The Huxley crossbridge model as the basic mechanism for airway smooth muscle contraction.

The cyclic interaction between myosin crossbridges and actin filaments underlies smooth muscle contraction. Phosphorylation of the 20-kDa myosin light chain (MLC20) is a crucial step in activating the crossbridge cycle. Our current understanding of smooth muscle contraction is based on observed correlations among MLC20 phosphorylation, maximal shortening velocity (Vmax), and isometric force over the time course of contraction. However, during contraction there are changes in the extent of phosphorylation of many additional proteins as well as changes in activation of enzymes associated with the signaling pathways. As a consequence, the mechanical manifestation of muscle contraction is likely to change with time. To simplify the study of these relationships, we measured the mechanical properties of airway smooth muscle at different levels of MLC20 phosphorylation at a fixed time during contraction.

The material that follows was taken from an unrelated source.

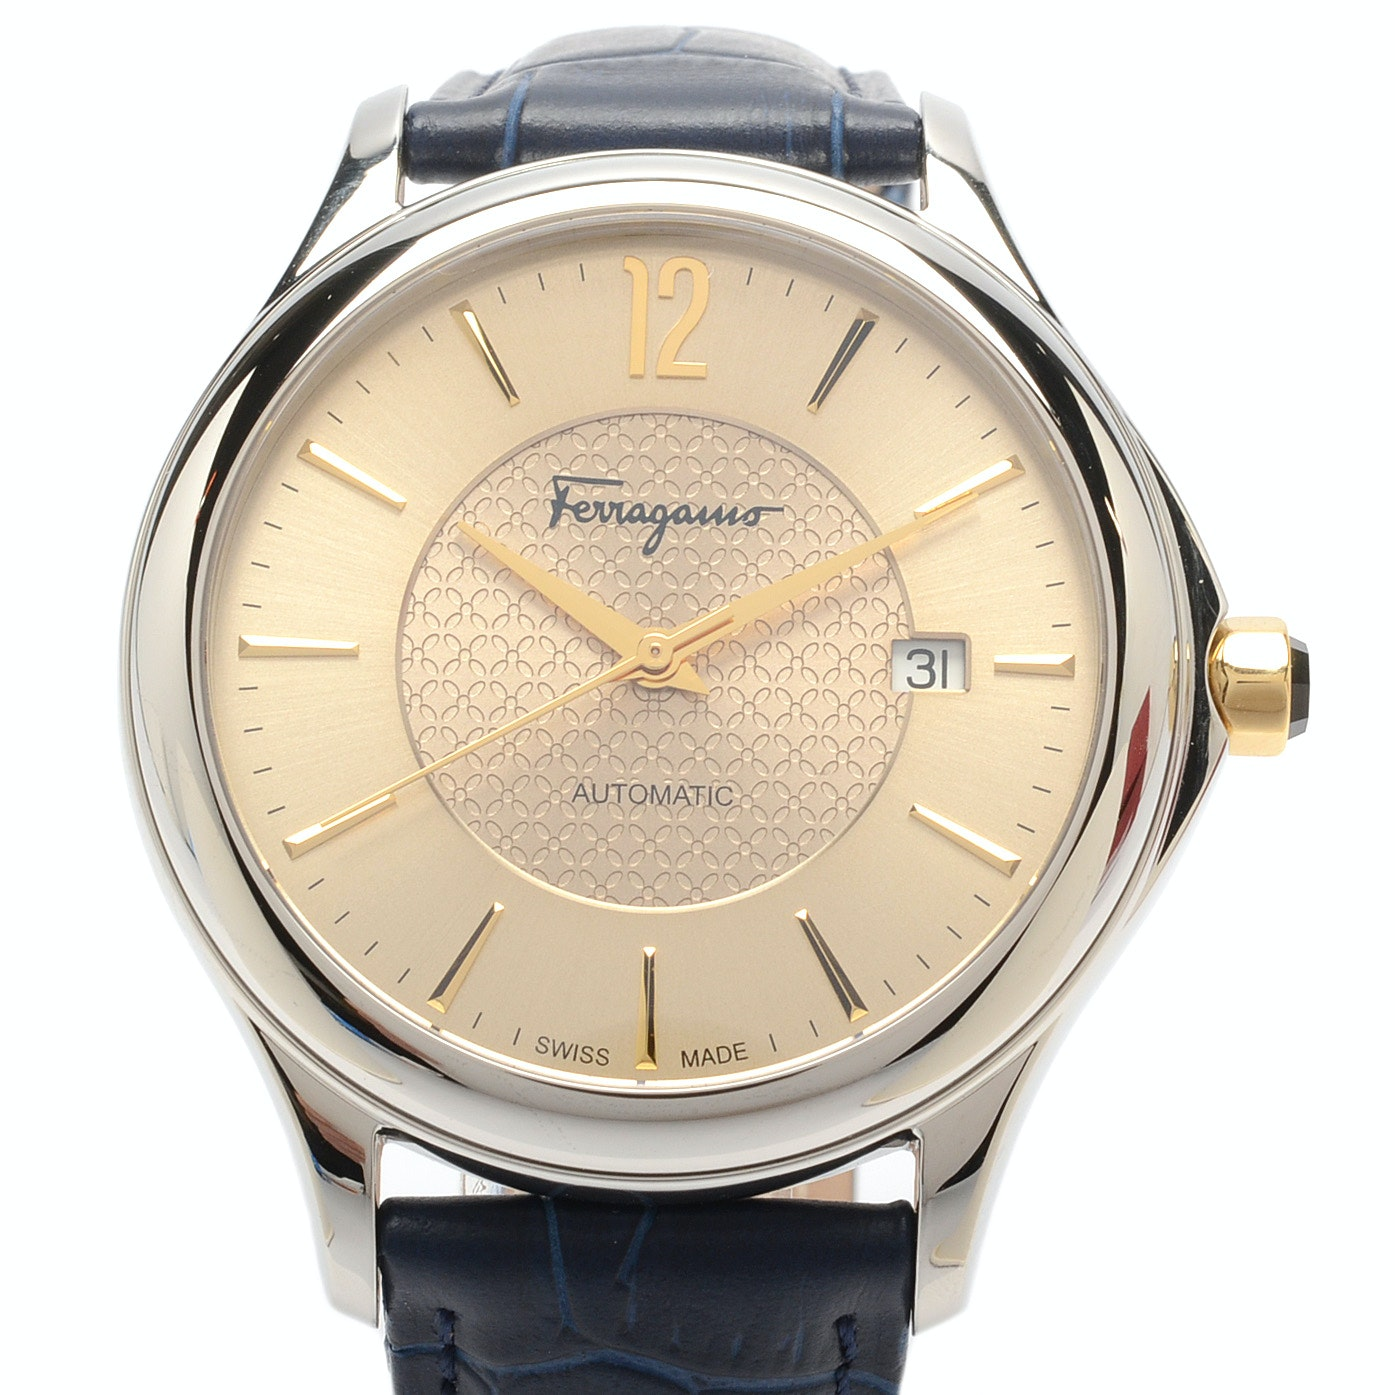 "Salvatore Ferragamo ""Time Automatic"" Swiss Wristwatch"

A simple correlation emerged when time-dependent variables were fixed. MLC20 phosphorylation was found to be directly and linearly correlated with the active stress, stiffness, and power of the muscle; the observed weak dependence of Vmax on MLC20 phosphorylation could be explained by the presence of an internal load in the muscle preparation. These results can be entirely explained by the Huxley crossbridge model. We conclude that when the influence of time-dependent events during contraction is held constant, the basic crossbridge mechanism in smooth muscle is the same as that in striated muscle.